How is India positioned?
Valuations attractive: Some market veterans see these weak conditions as a potential turning point. The Nifty’s 12-month forward P/E has compressed to 17x, close to its pre-Covid (January 2015–20) average and at a 12% discount to the last five-year average, according to Jefferies. The index is down 12% year-to-date and has remained flat over the past two years, bringing valuations to roughly one standard deviation below the 10-year average.
Sanjeev Prasad, Managing Director and Co-Head at Kotak Institutional Equities, said earnings downgrades for FY2027E and FY2028E could remain limited if the Iran-Israel/US conflict ends within the next 2–3 weeks and oil and gas supply conditions improve over the coming months.
Will FIIs make a comeback? Foreign institutional investors (FIIs) have unleashed an unprecedented retreat from Indian equities, ripping nearly Rs 1.2 lakh crore, over $12 billion, out of Dalal Street in March alone, marking the worst monthly selloff in the market’s history. V K Vijayakumar, Chief Investment Strategist at Geojit said: If their sustained selling strategy is to change, there should be an end to the hostilities in West Asia and decline in crude prices.”

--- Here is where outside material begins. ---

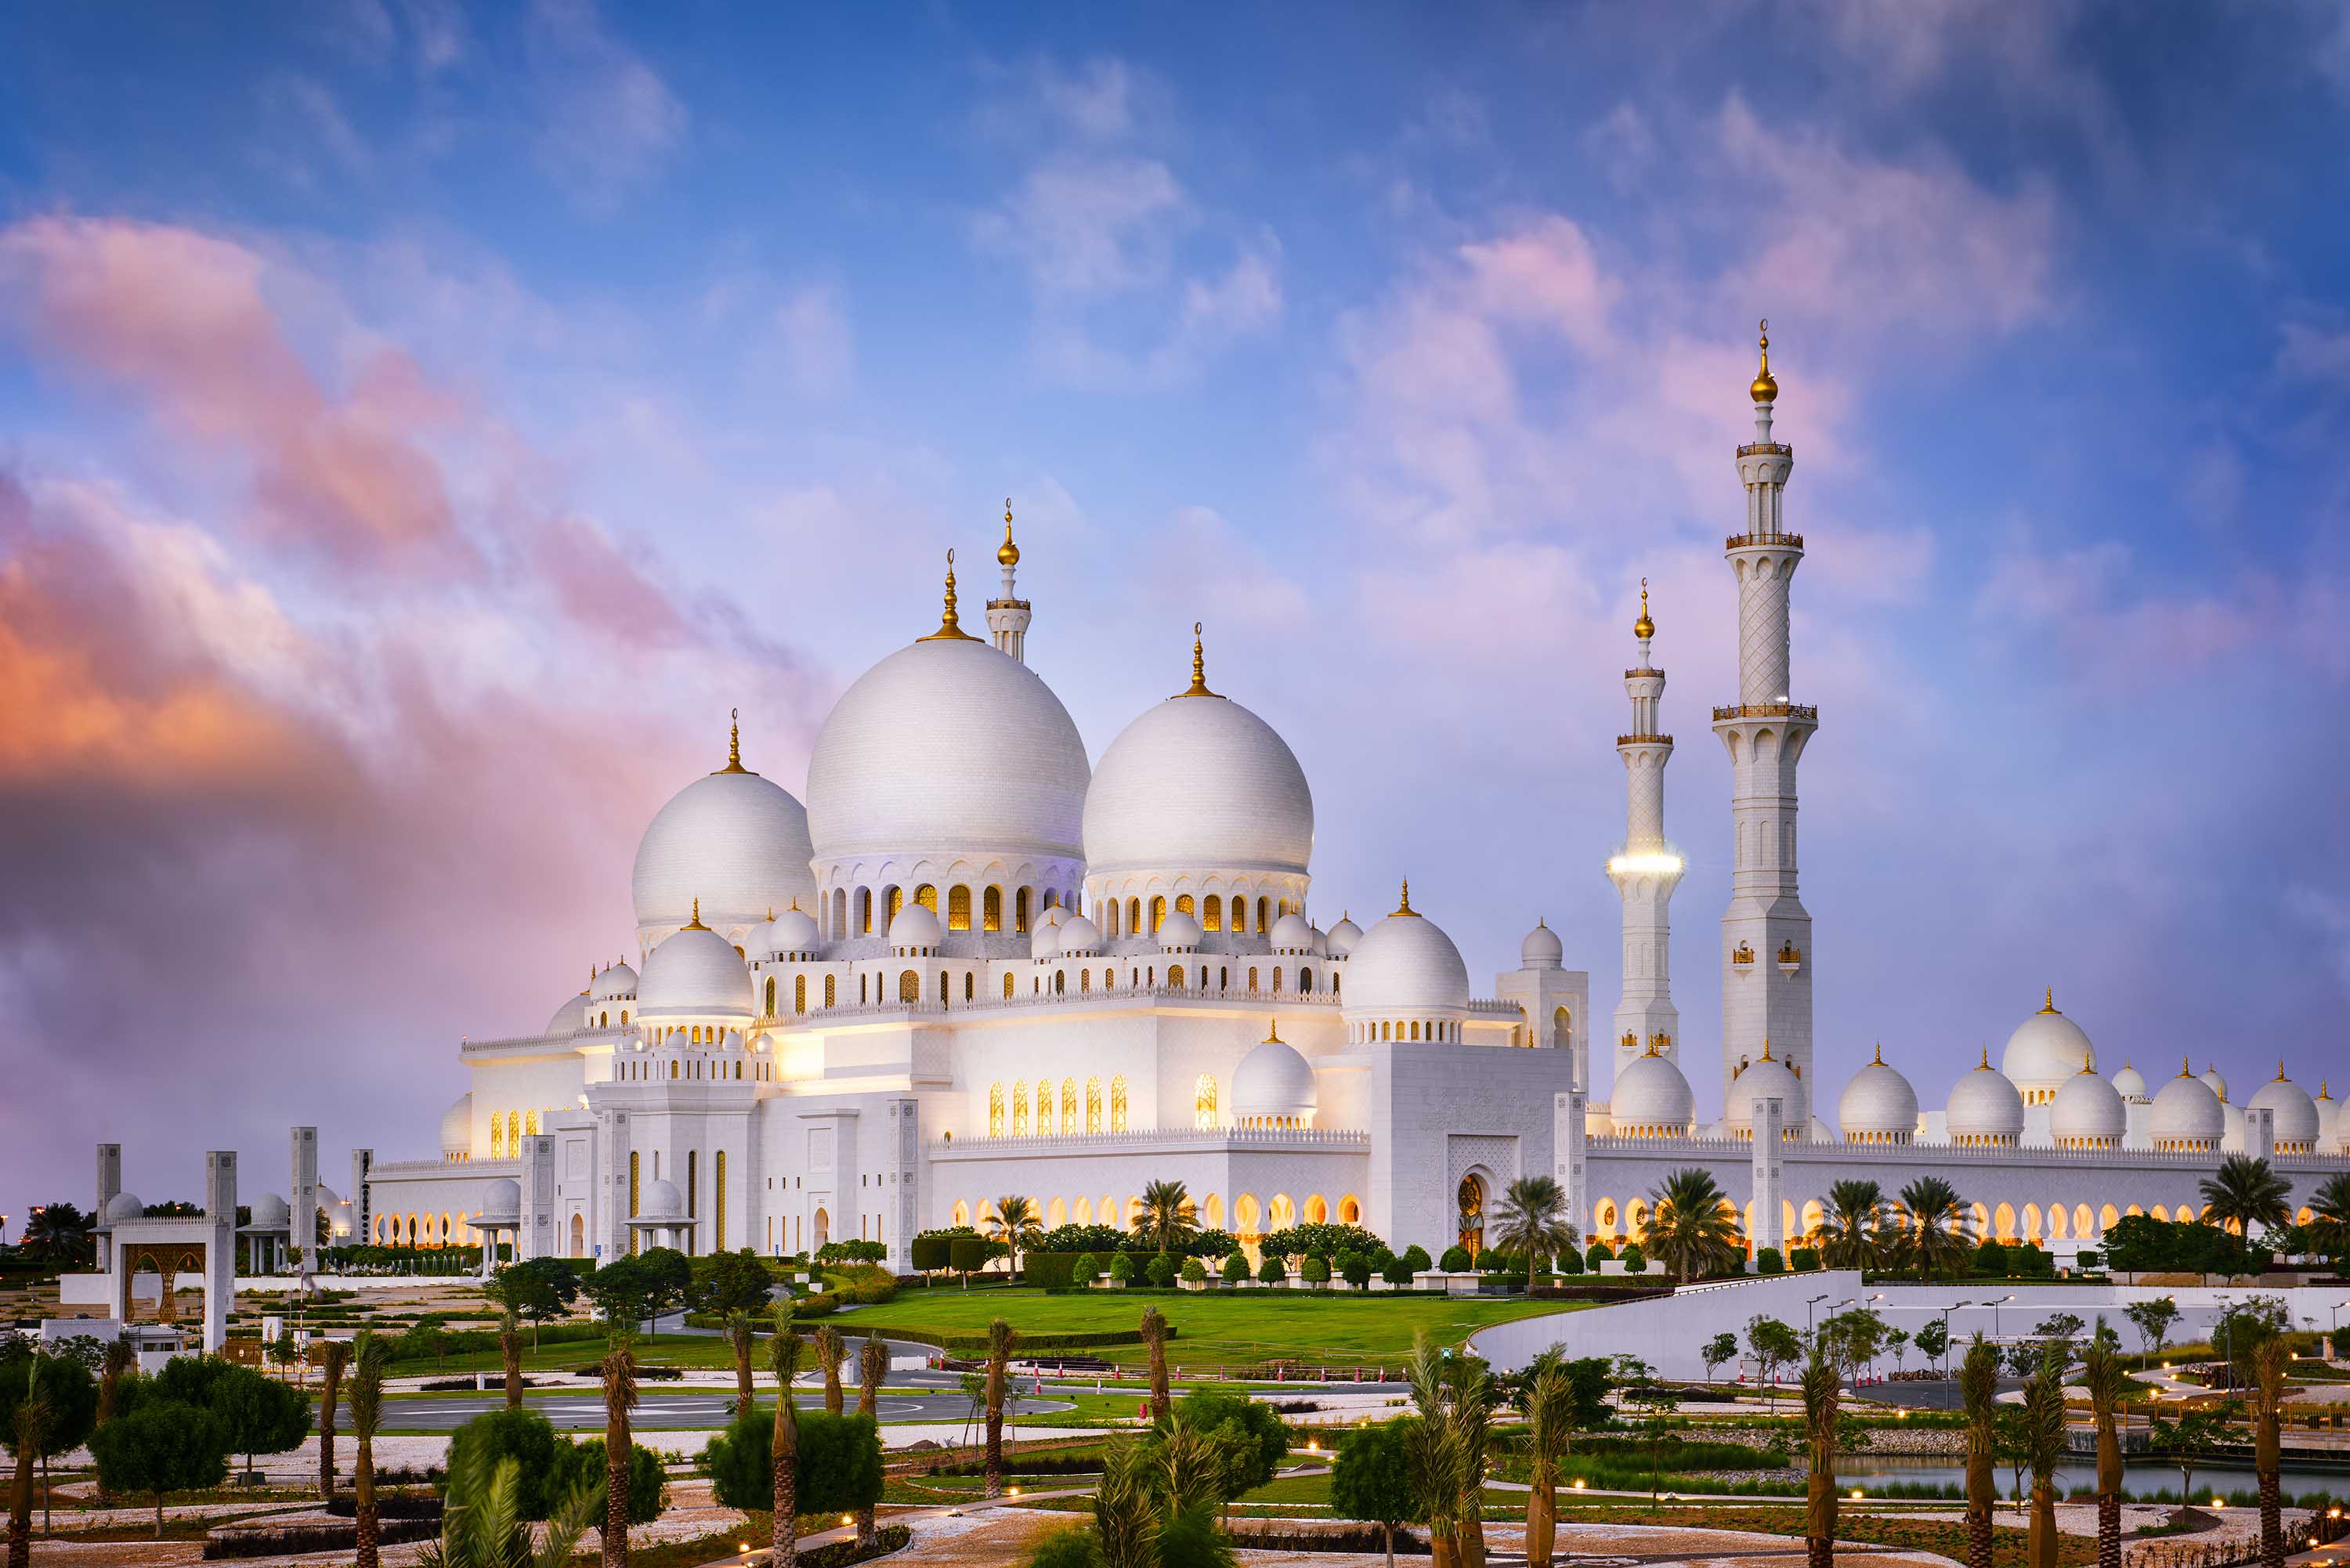 Sheikh Zayed Mosque in Abu Dhabi: Learn its secrets

Sahil Kapoor of DSP Mutual fund highlights what foreign investors now see: more reasonable valuations, pockets of cheap quality stocks in large liquid firms, and an Indian rupee near one of its weakest real effective exchange rate levels in years. Critically, many of India’s macro stresses appear near their peak—meaning they’re more likely priced in than ignored.
Mishra said crude remains a factor from an economic standpoint, but valuations and the earnings season will play a bigger role in driving foreign flows. He expects selective participation rather than broad-based buying.

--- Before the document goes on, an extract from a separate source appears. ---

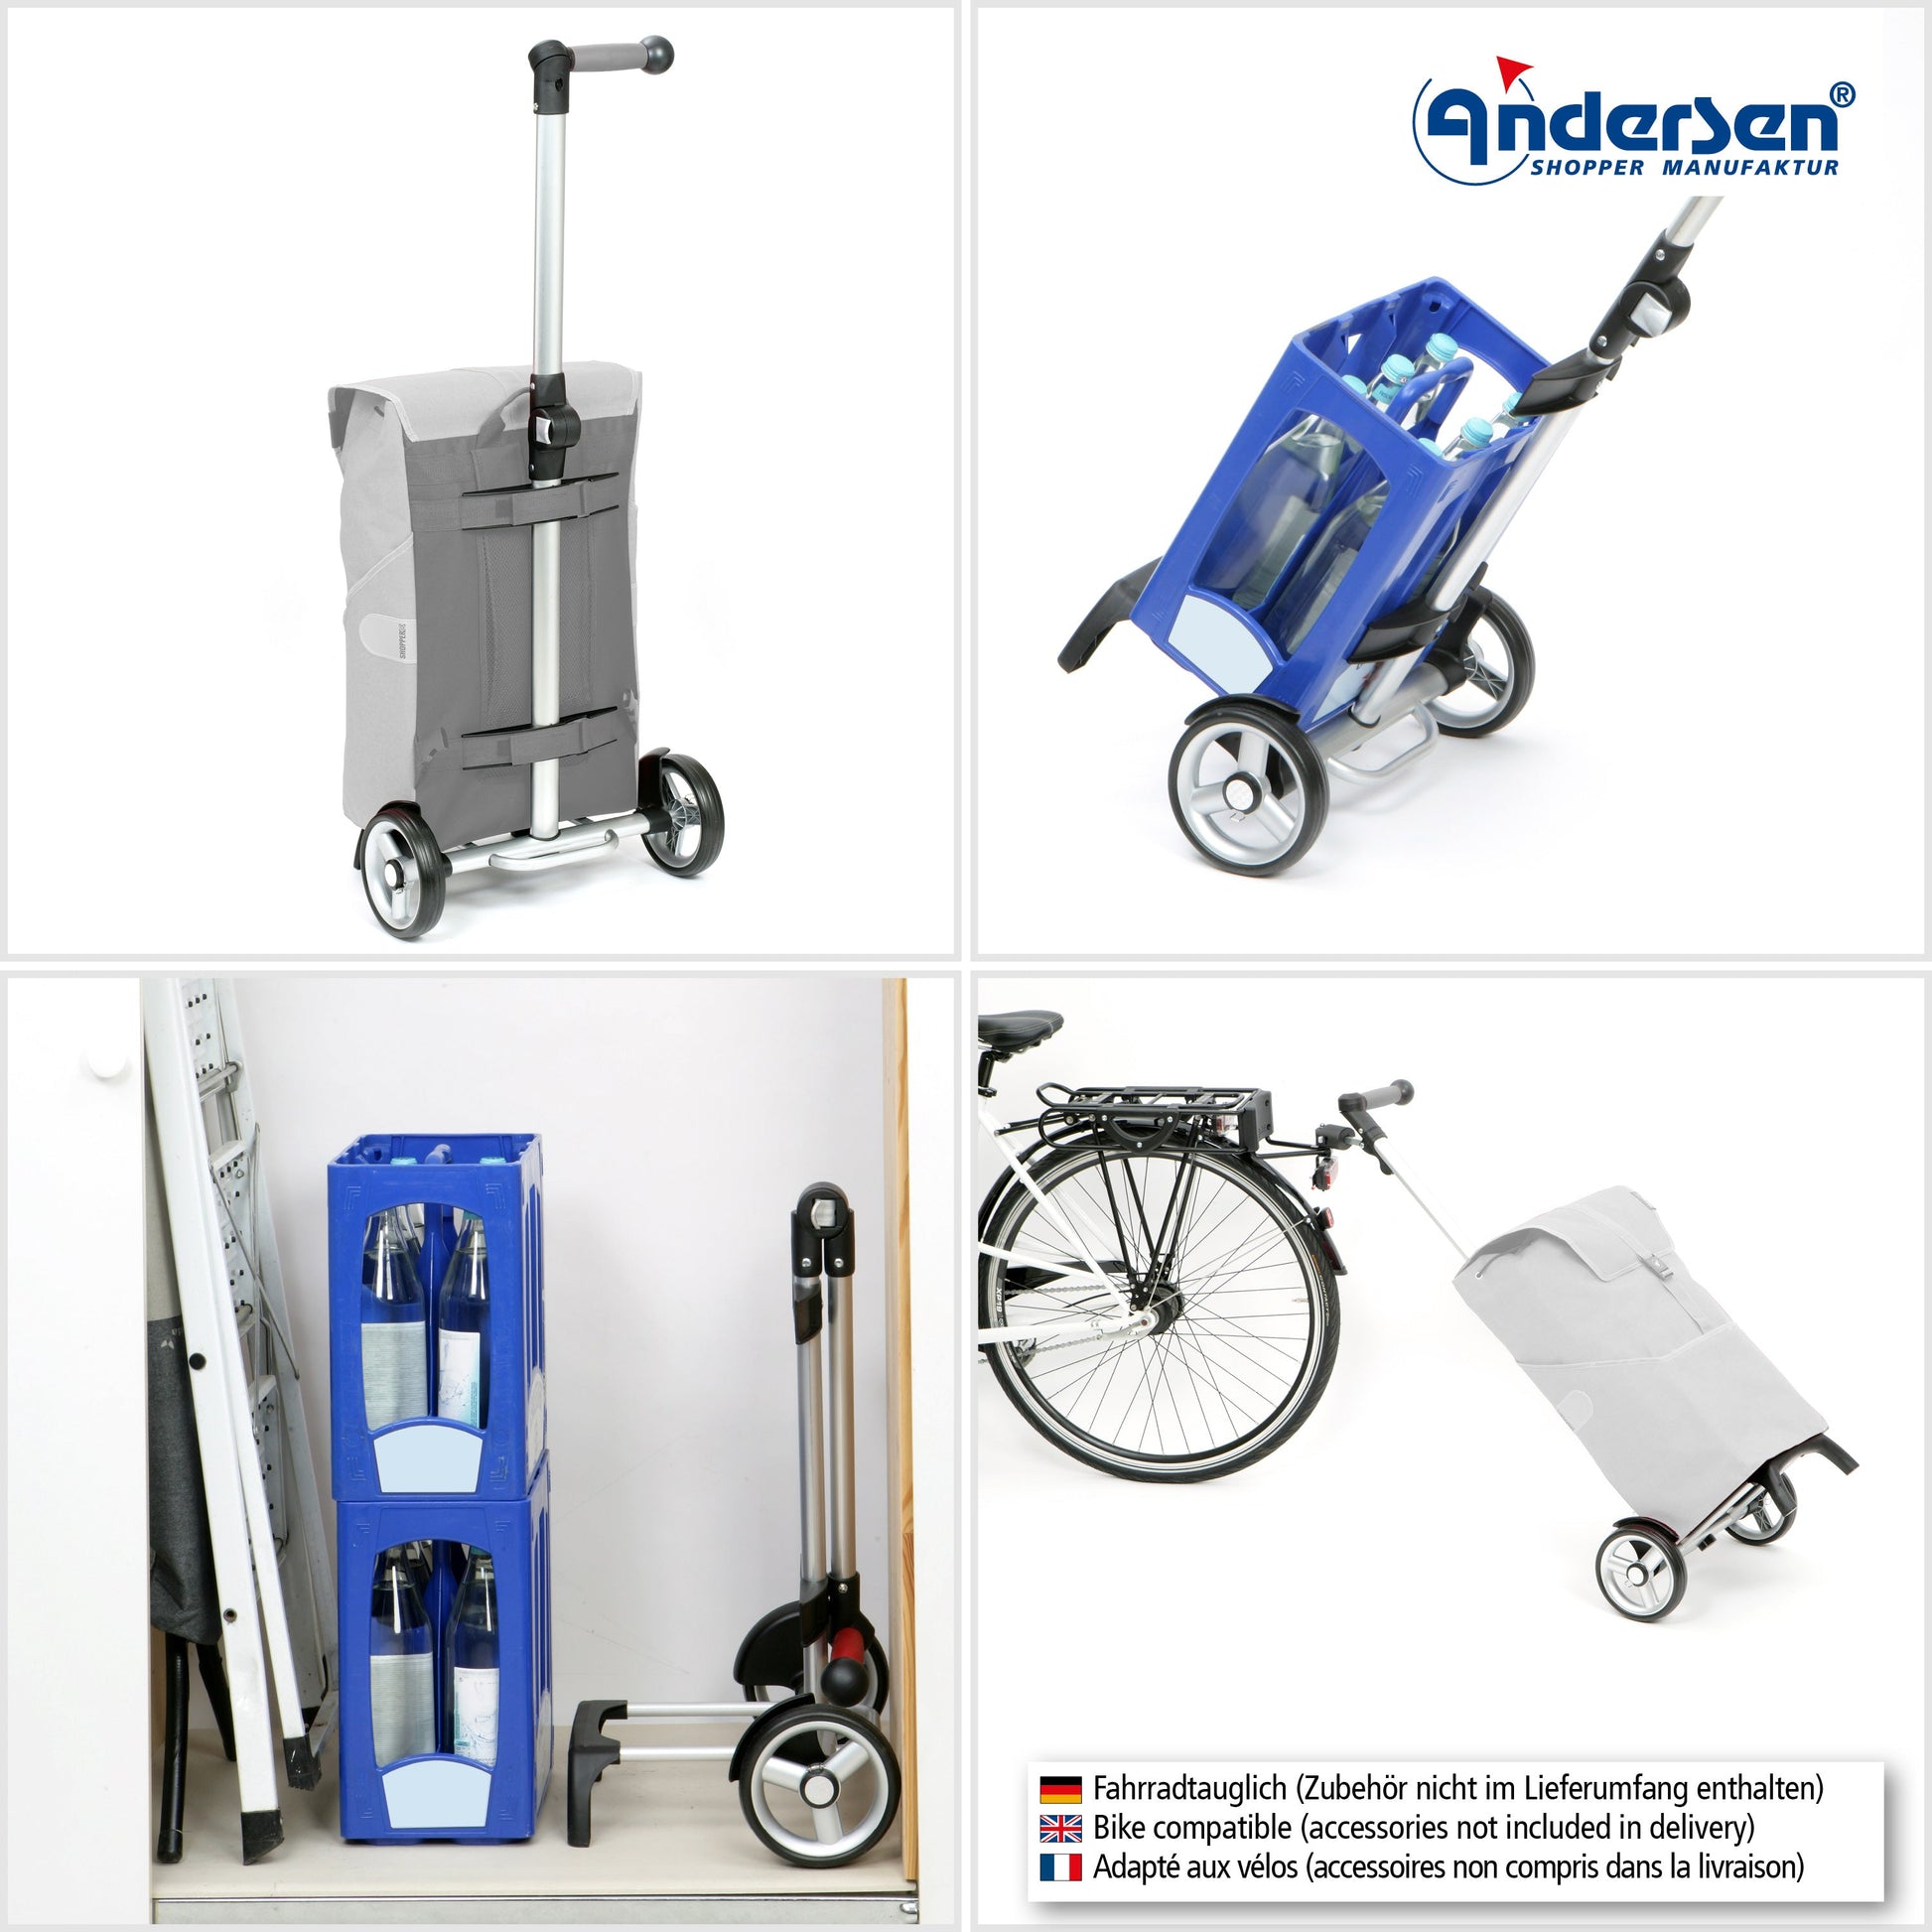 Andersen Shopper Manufaktur-Unus Shopper Fun Famke blau-www.shopping-trolley.ch-bild5

RBI intervention and ceasefire to help Rupee? – Directives by the RBI earlier to curb excessive speculation in the currency markets have yielded results and the rupee has appreciated to 92.59 levels from 95.30 touched on March 30.
USD/INR is currently trading near the 92.6 level after cooling from highs around 94.8, supported by RBI intervention and easing geopolitical tensions. A move above 93 could push the pair toward 93.5–93.8. On the downside, immediate support is placed at 92.4, with stronger support near 92.2. The near-term structure indicates mild rupee strength supported by improving global sentiment.

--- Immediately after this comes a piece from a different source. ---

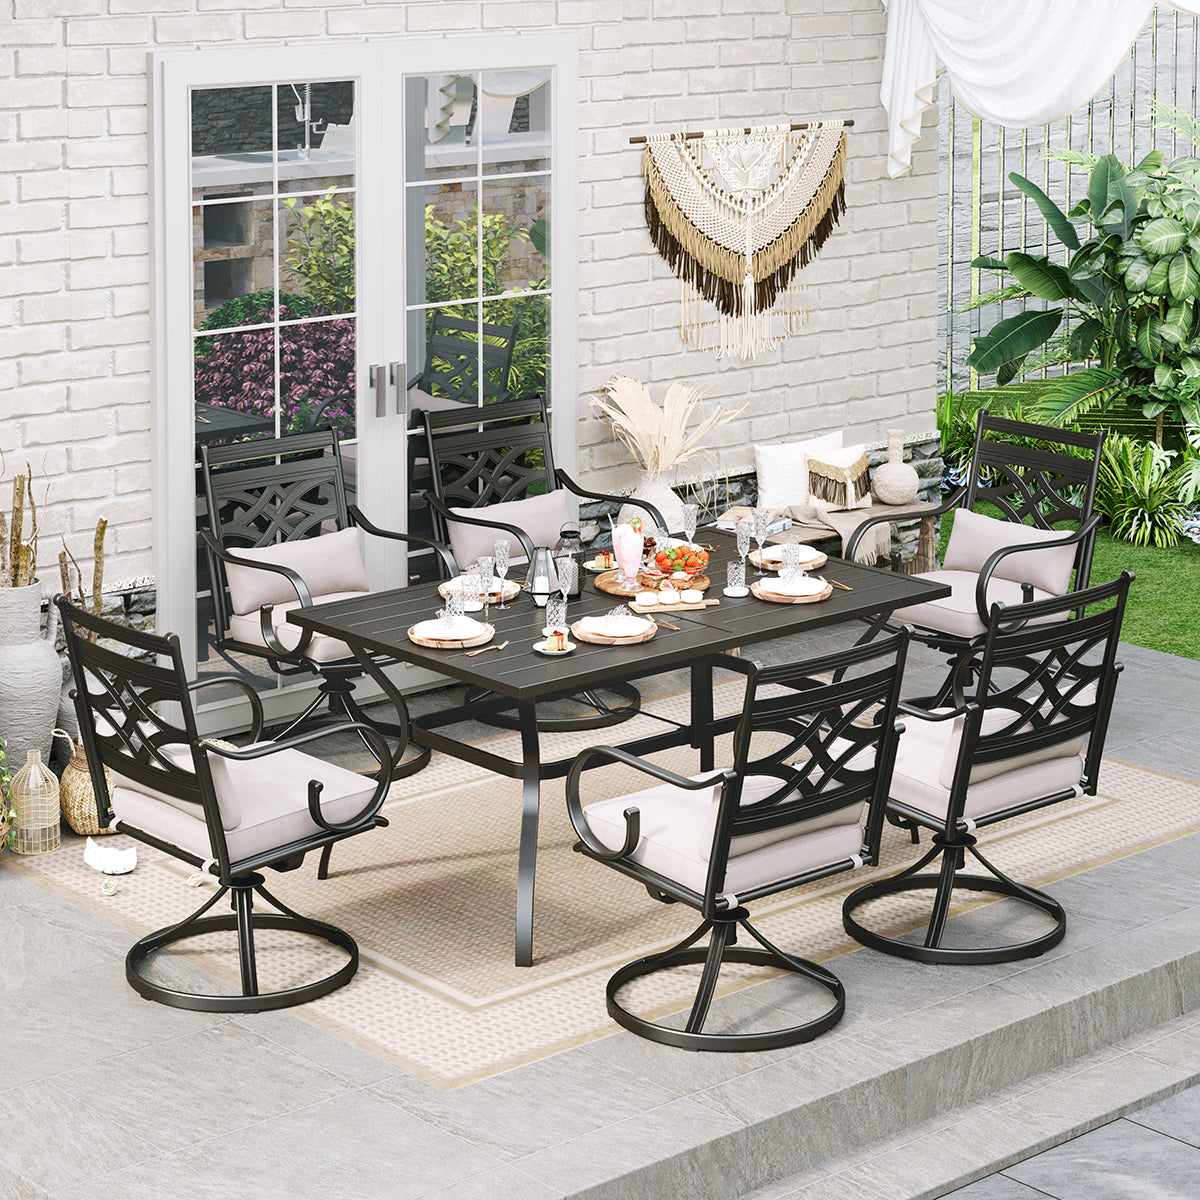 MFSTUDIO 7-Piece Steel Table & Elegant Cast Iron Pattern Swivel Dining Chairs Patio Dining Set

Will inflation flare up? During the RBI MPC meeting, Governor Sanjay Malhotra said headline inflation remains contained and below the target. However, upside risks to the inflation outlook have increased, driven by higher energy prices and potential weather-related disruptions impacting food prices. Core inflation pressures remain muted, though supply chain disruptions and the risk of second-round effects make the future inflation trajectory uncertain.
Taking these factors into account, CPI inflation for FY27 is projected at 4.6%, with Q1 at 4.0%, Q2 at 4.4%, Q3 at 5.2% and Q4 at 4.7%. Core inflation is estimated at 4.4%, and even lower when excluding precious metals, indicating that underlying inflation pressures are expected to remain contained, though risks remain tilted to the upside.
Oil sensitive stocks in trouble: Downstream stocks witnessed steep corrections over 20% in March, with HPCL, BPCL, IOCL plunging the most. “Even with a peace deal, Iran may be emboldened to threaten the Strait of Hormuz more frequently in the future, and the market will price in heightened risk to the Strait of Hormuz going forward,” MST Marquee analyst Saul Kavonic, told Reuters.
Last month, international brokerage firm UBS downgraded HPCL, BPCL, and IOCL The international brokerage revised target prices to Rs 175 for IOCL from Rs 190, Rs 365 for BPCL from Rs 425, and Rs 340 for HPCL from Rs 540.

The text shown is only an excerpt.